(Problem details):
Span requested from the data below: the line with "NARODOWY BANK POLSKI" through the line with "武汉市汉商集团股份有限公司董事会战略决策委员会实施细则", both included. Give only these lines again, exactly, and leave every picture out.

(Material for the task):
★ ★ ★ ★ ★

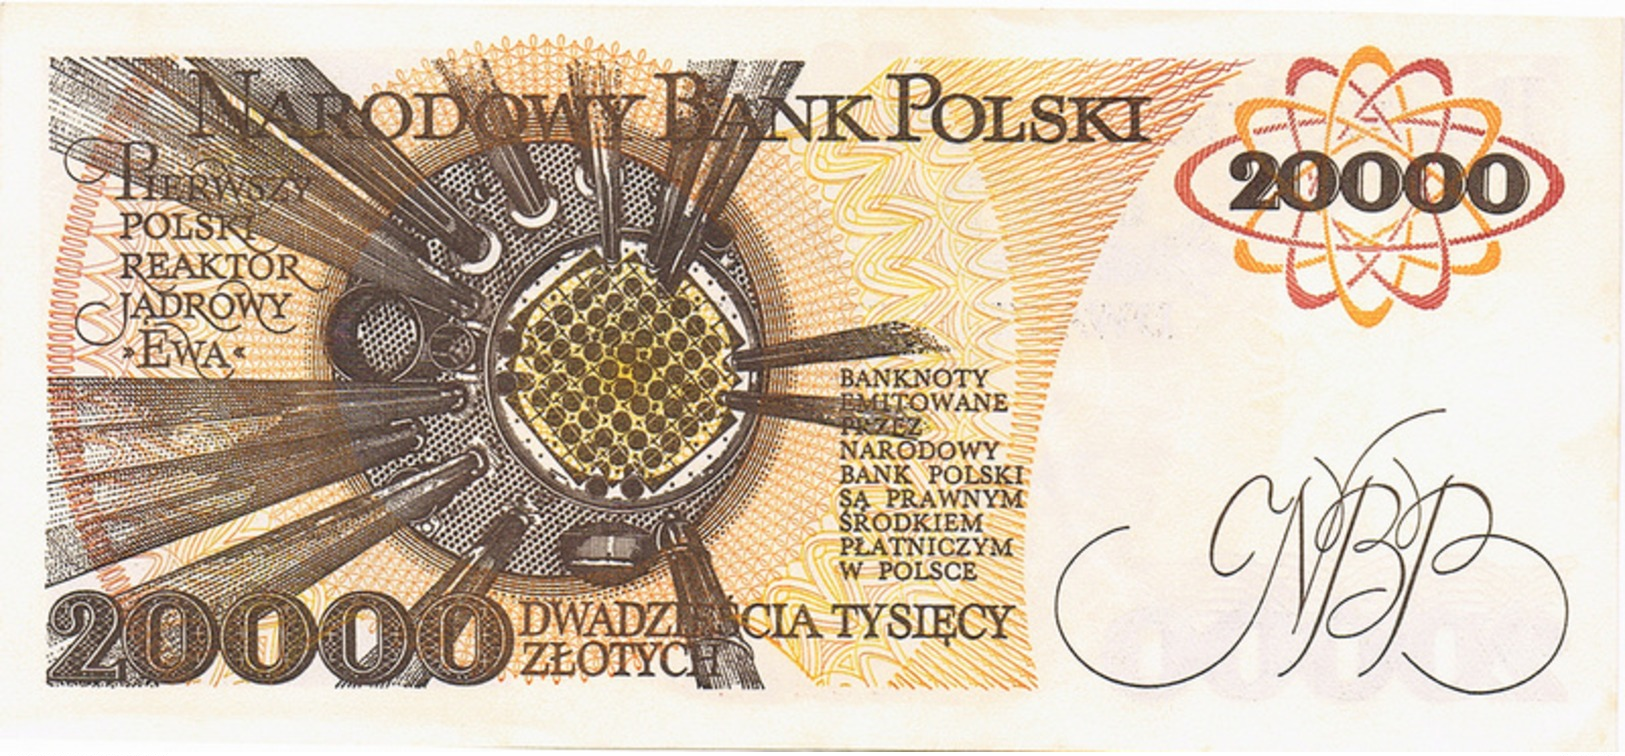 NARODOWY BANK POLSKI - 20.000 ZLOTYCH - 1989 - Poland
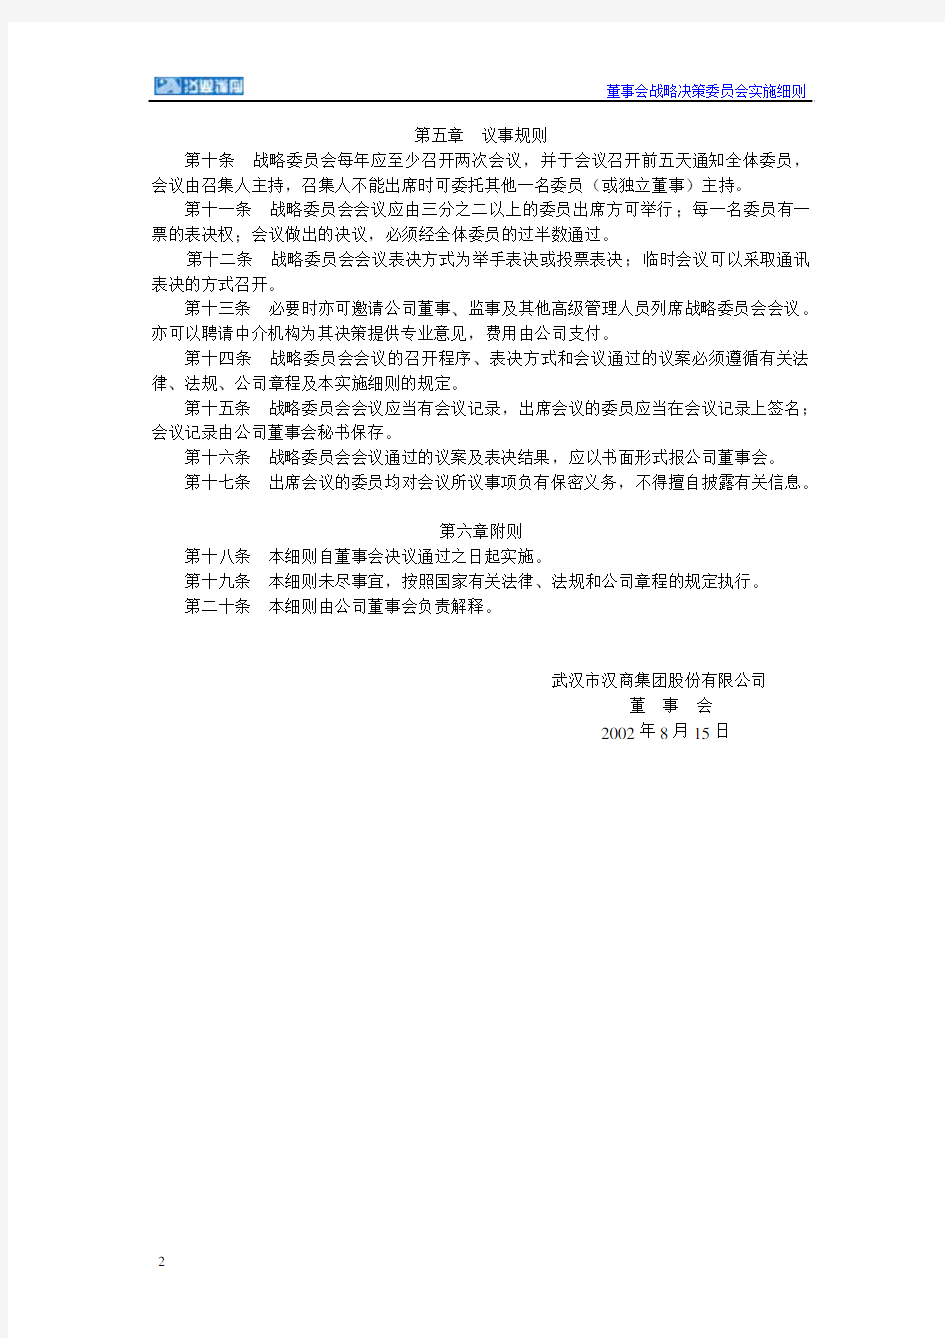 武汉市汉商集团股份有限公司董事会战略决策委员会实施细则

★ ★ ★ ★ ★

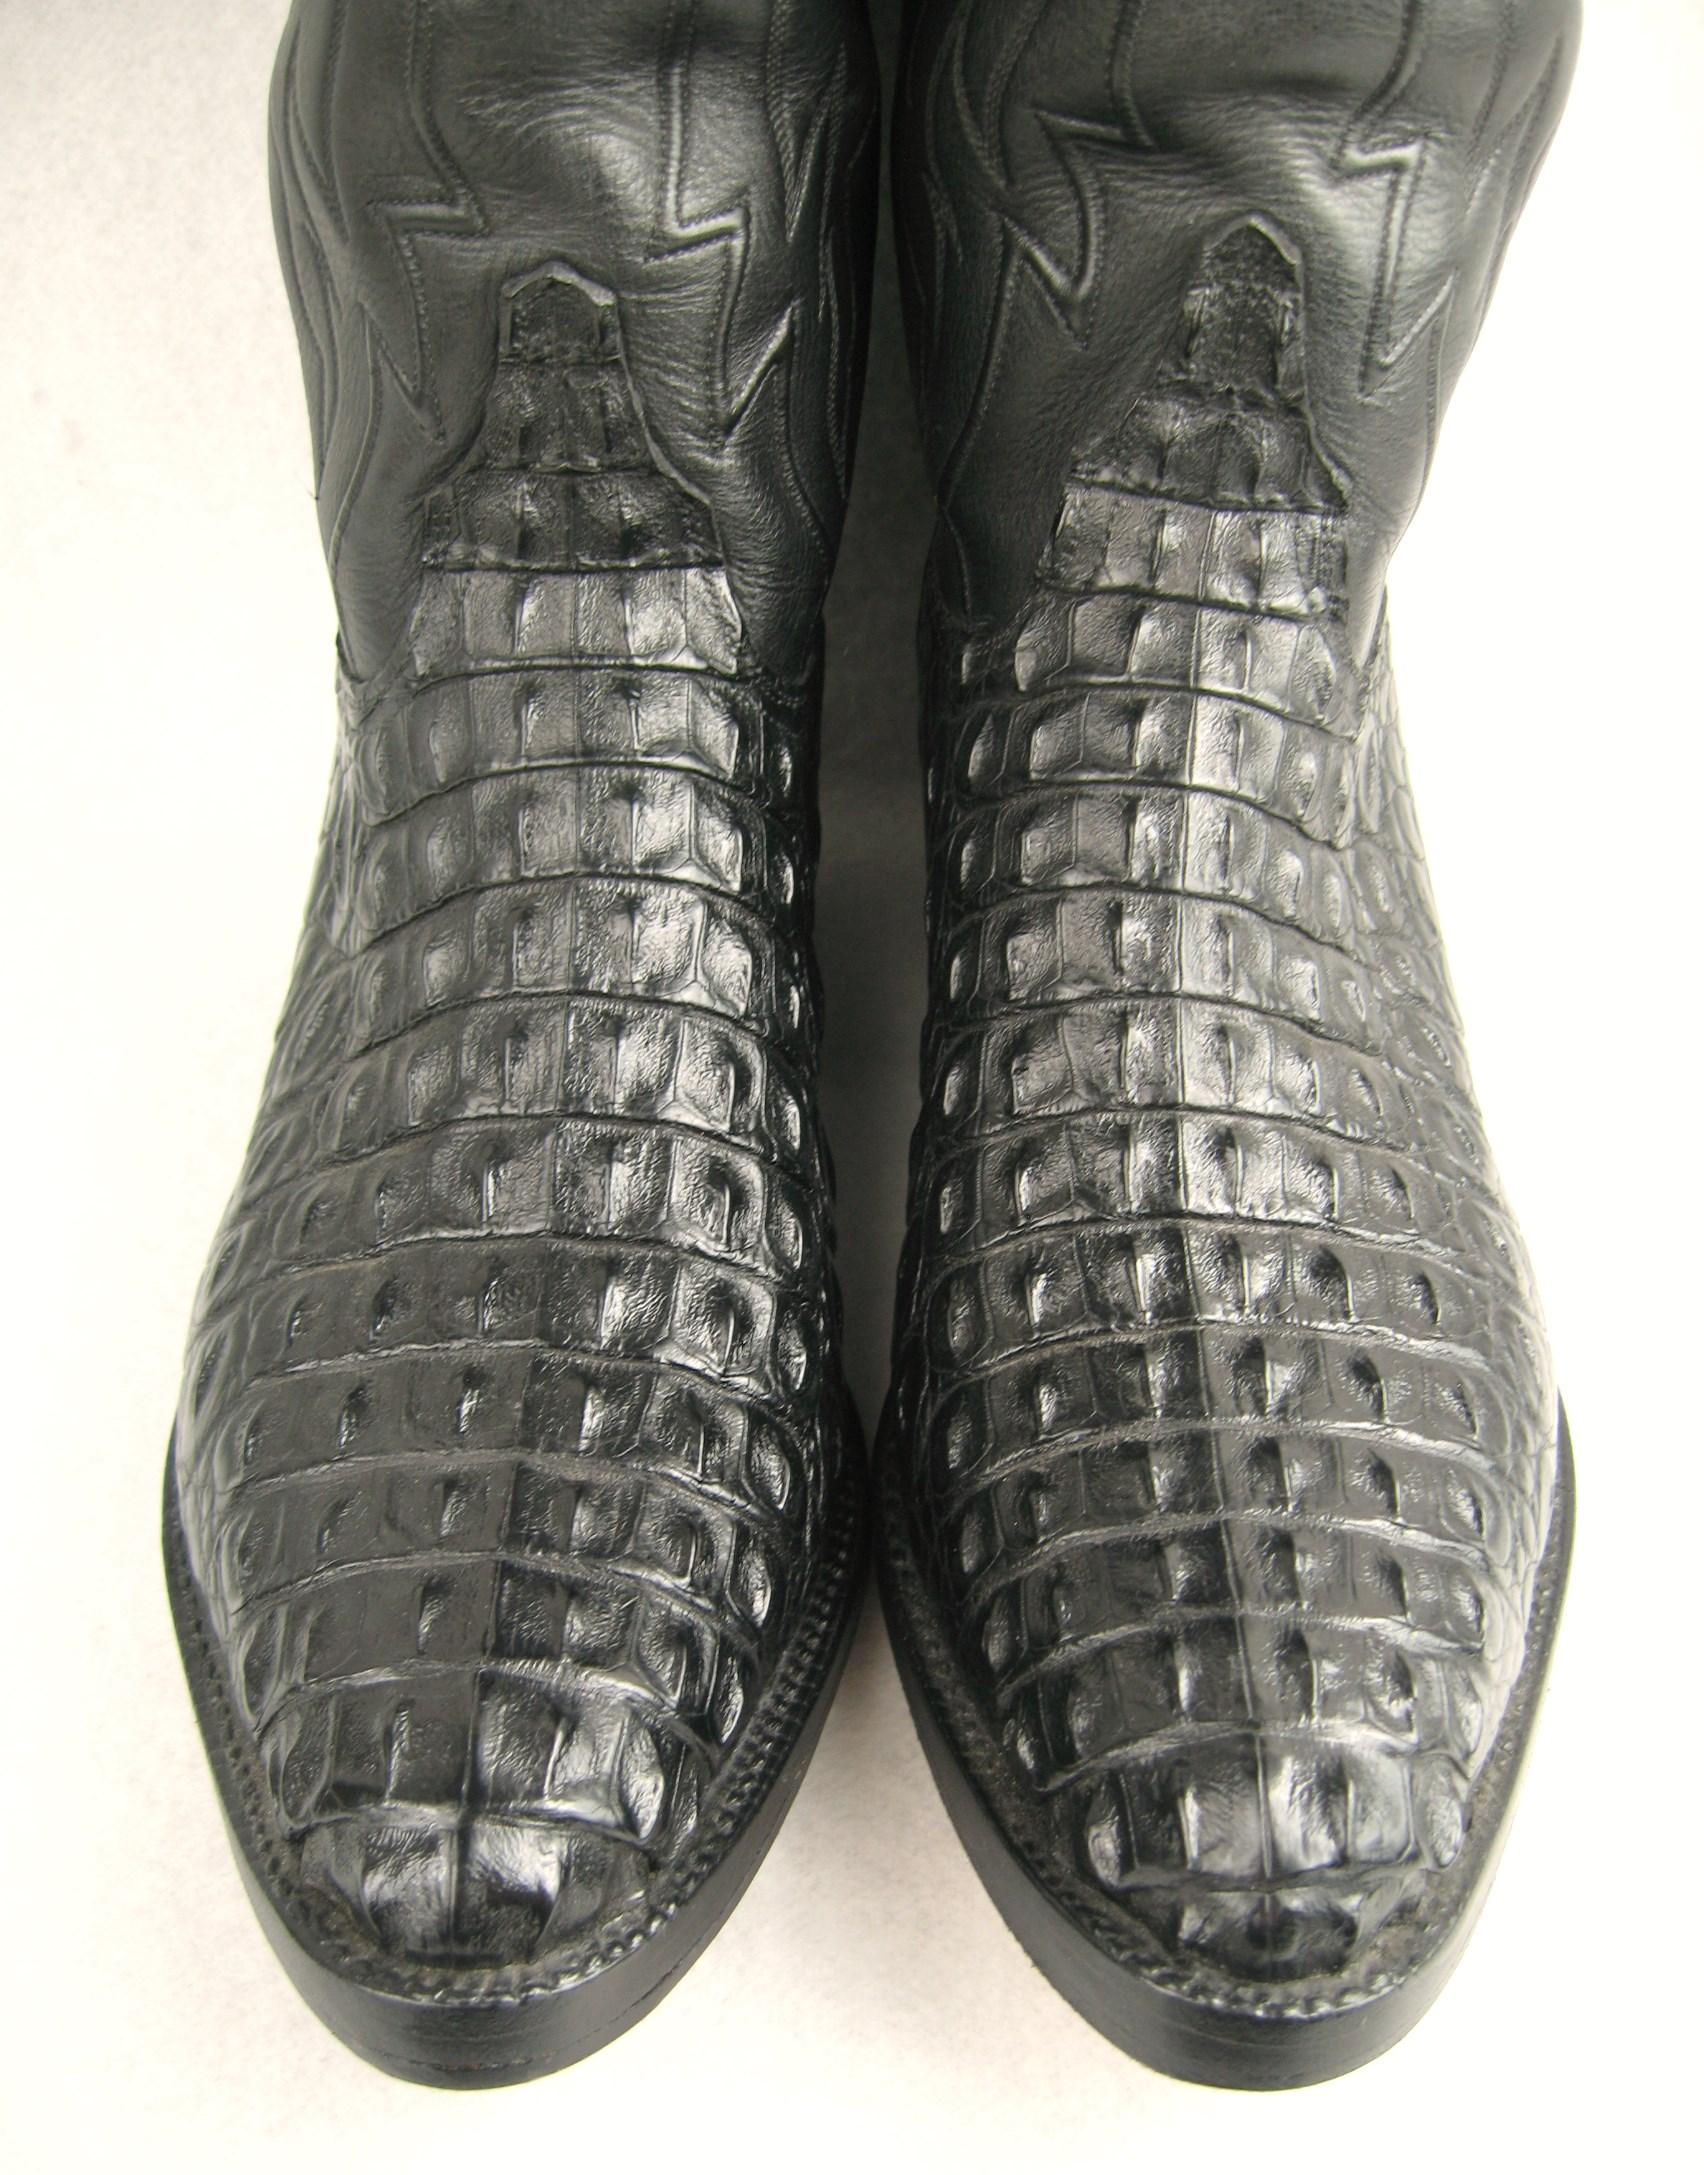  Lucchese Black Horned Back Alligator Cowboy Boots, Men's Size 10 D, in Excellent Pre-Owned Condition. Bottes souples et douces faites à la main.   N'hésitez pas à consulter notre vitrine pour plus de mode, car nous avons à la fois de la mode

★ ★ ★ ★ ★

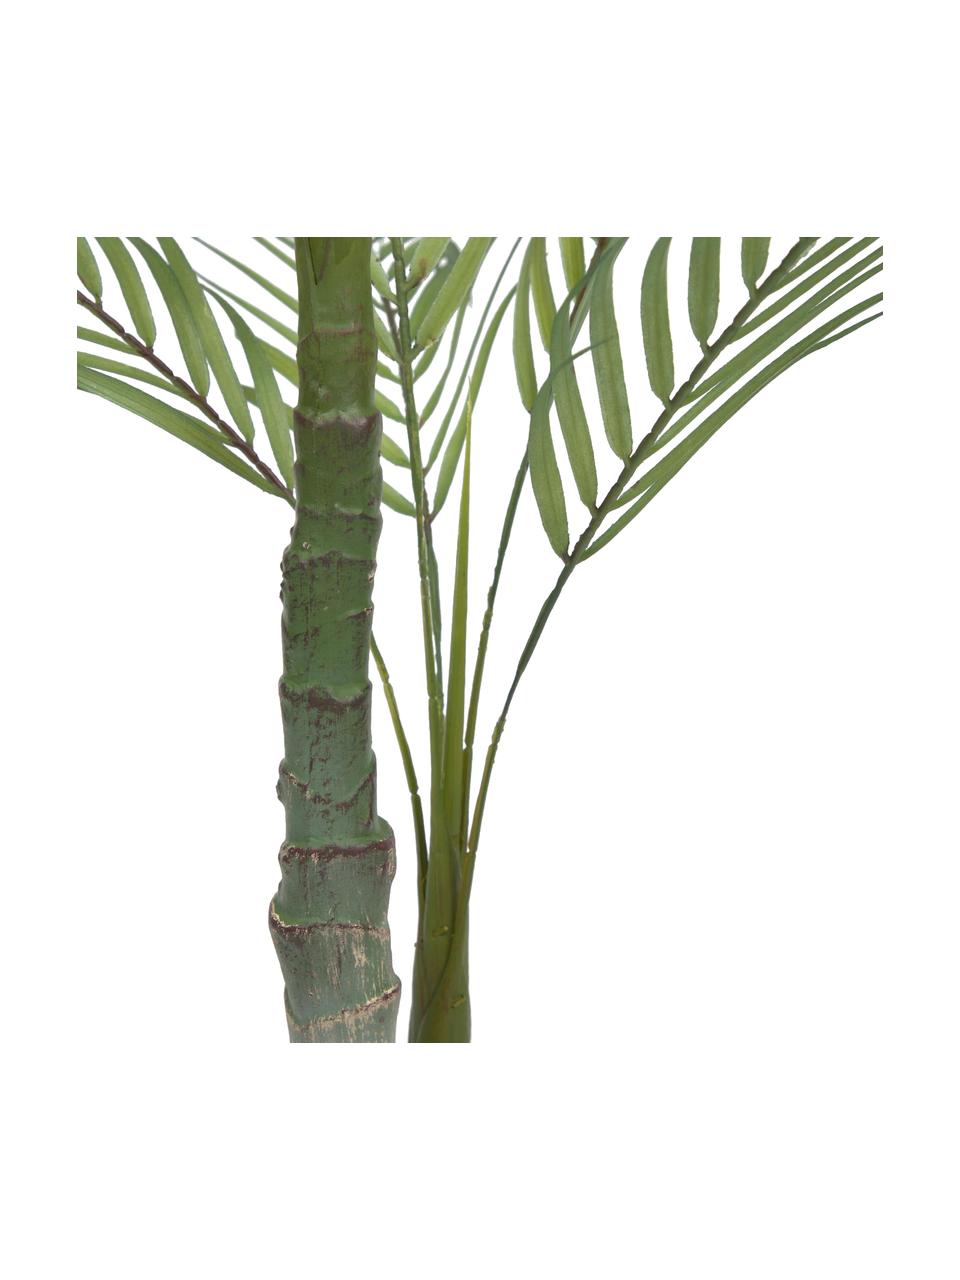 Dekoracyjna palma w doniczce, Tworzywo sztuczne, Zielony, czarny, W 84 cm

★ ★ ★ ★ ★

(The completed task):
 NARODOWY BANK POLSKI - 20.000 ZLOTYCH - 1989 - Poland
 武汉市汉商集团股份有限公司董事会战略决策委员会实施细则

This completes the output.